- [DATA RECORDS]:
--------
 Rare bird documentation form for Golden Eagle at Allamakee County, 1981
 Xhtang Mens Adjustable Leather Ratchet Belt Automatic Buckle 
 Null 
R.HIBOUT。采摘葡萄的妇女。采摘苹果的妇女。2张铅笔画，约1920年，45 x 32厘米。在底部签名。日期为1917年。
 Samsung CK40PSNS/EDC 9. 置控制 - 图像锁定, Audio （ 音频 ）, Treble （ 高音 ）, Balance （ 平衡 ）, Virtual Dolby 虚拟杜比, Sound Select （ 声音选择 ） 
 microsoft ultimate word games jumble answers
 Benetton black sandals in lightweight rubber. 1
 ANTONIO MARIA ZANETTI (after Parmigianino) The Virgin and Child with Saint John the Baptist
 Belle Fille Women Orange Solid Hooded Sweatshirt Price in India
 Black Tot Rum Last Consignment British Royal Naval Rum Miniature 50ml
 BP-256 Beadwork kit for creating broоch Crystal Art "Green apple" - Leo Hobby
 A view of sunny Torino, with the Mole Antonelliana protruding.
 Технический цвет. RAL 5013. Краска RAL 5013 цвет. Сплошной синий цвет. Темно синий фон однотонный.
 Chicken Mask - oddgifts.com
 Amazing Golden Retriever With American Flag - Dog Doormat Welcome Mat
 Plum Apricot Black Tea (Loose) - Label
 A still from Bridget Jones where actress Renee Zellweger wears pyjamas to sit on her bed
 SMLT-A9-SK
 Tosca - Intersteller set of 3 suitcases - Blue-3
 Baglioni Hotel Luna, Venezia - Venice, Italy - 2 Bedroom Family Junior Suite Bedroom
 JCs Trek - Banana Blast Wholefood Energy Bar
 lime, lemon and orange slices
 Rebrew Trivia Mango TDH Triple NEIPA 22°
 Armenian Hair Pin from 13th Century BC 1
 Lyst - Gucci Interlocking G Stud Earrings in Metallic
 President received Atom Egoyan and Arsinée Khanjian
--------
- [THE TASK]:
Retype the first line of the entries and every line after it, please, through the line that contains "R.HIBOUT。采摘葡萄的妇女。采摘苹果的妇女。2张铅笔画，约1920年，45 x 32厘米。在底部签名。日期为1917年。". Add nothing.

- [COMPLETED TASK]:
 Rare bird documentation form for Golden Eagle at Allamakee County, 1981
 Xhtang Mens Adjustable Leather Ratchet Belt Automatic Buckle 
 Null 
R.HIBOUT。采摘葡萄的妇女。采摘苹果的妇女。2张铅笔画，约1920年，45 x 32厘米。在底部签名。日期为1917年。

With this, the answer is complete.